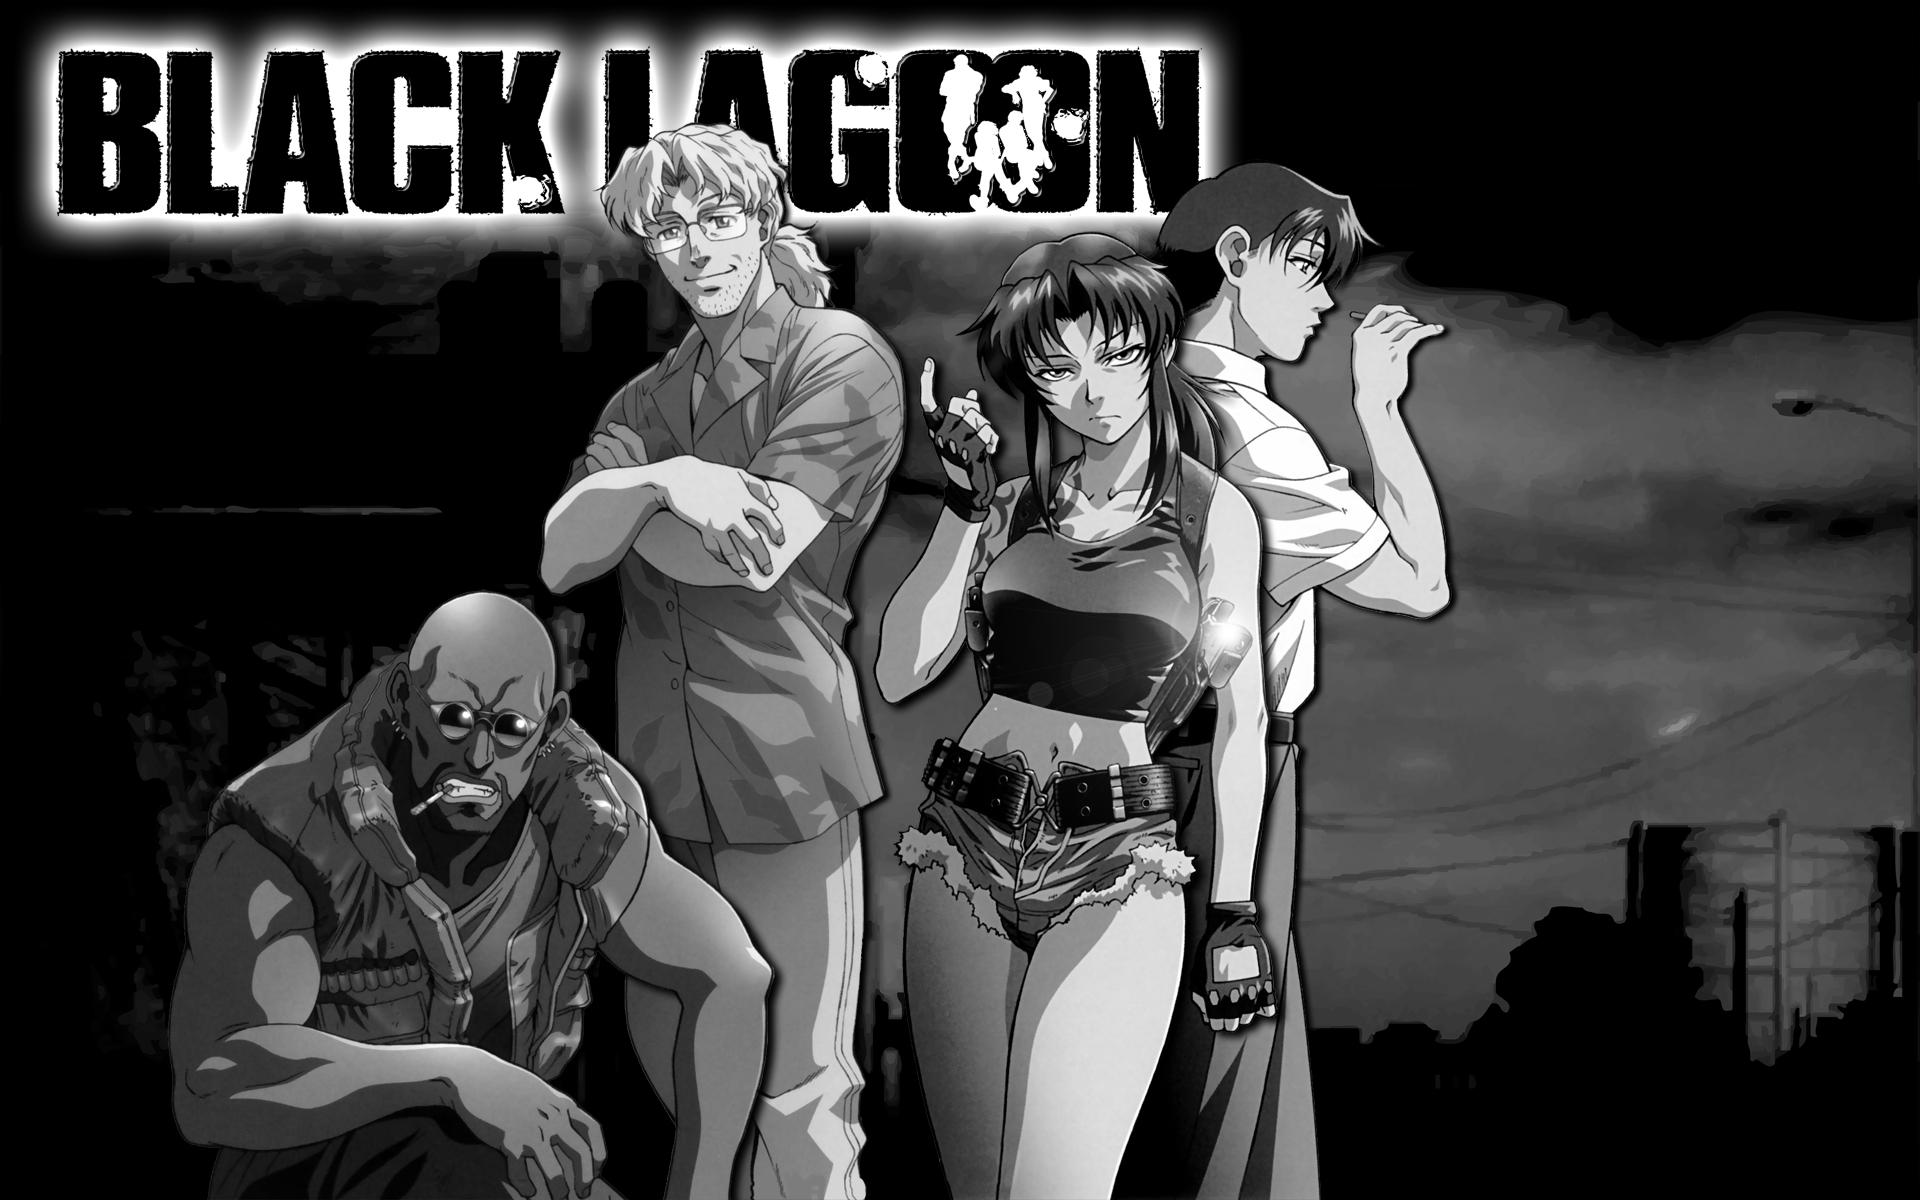 581454 - Un género, un anime - Hablemos de Anime y Manga
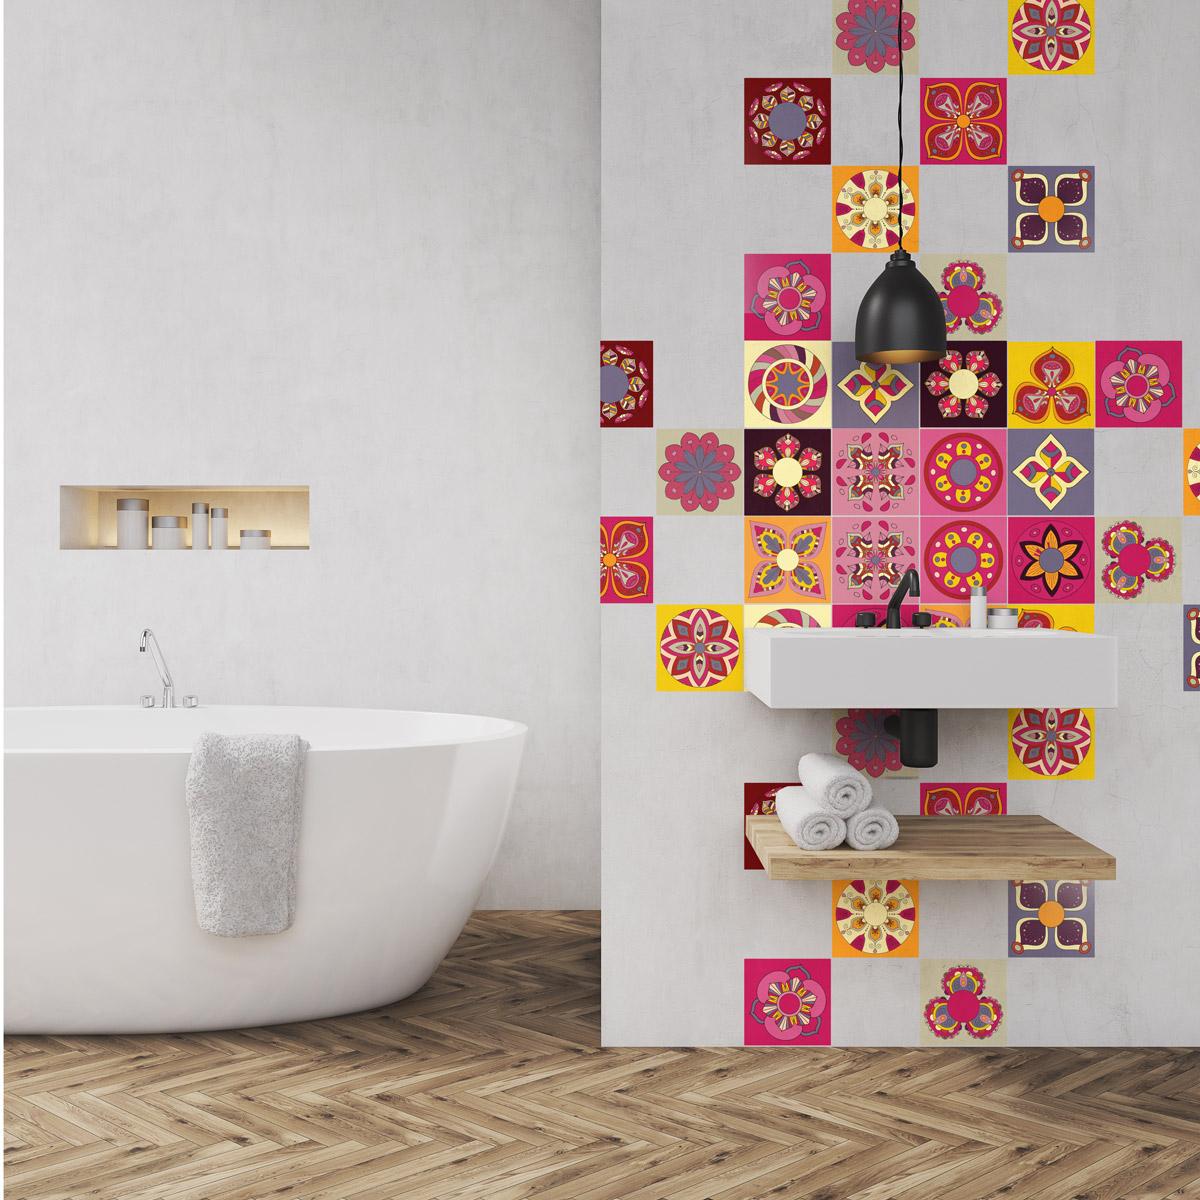 24 stickers carrelages azulejos porto alegre cuisine. Black Bedroom Furniture Sets. Home Design Ideas
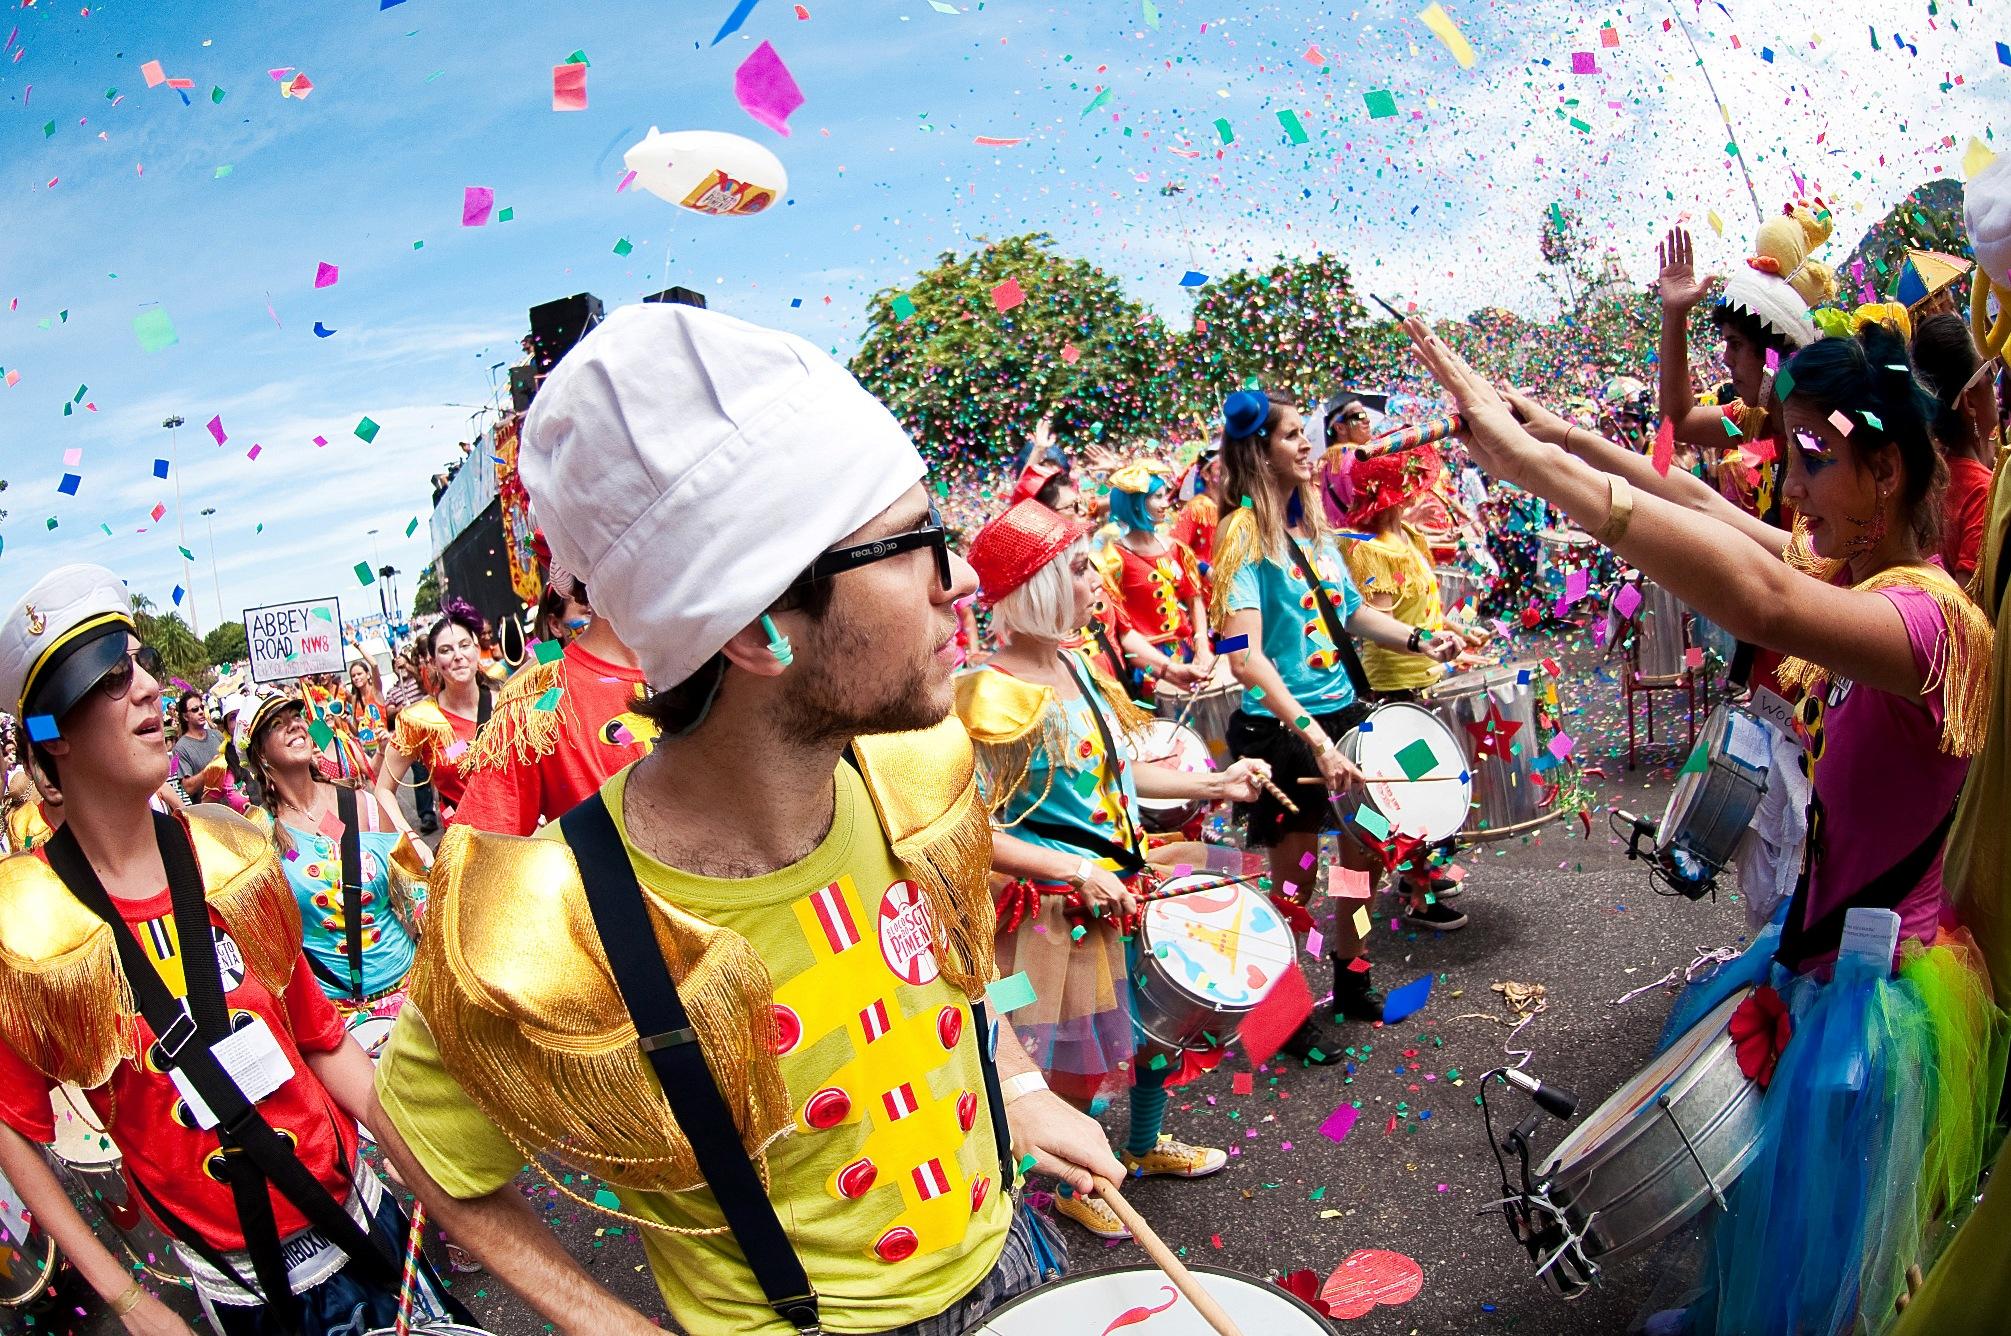 Carnaval sem drama: folia ou descanso?

▶ What is needed:
Could you reproduce the data above exactly, without its pictures?

▶ Answer area:
 581454 - Un género, un anime - Hablemos de Anime y Manga
 24 stickers carrelages azulejos porto alegre cuisine. Black Bedroom Furniture Sets. Home Design Ideas
 Carnaval sem drama: folia ou descanso?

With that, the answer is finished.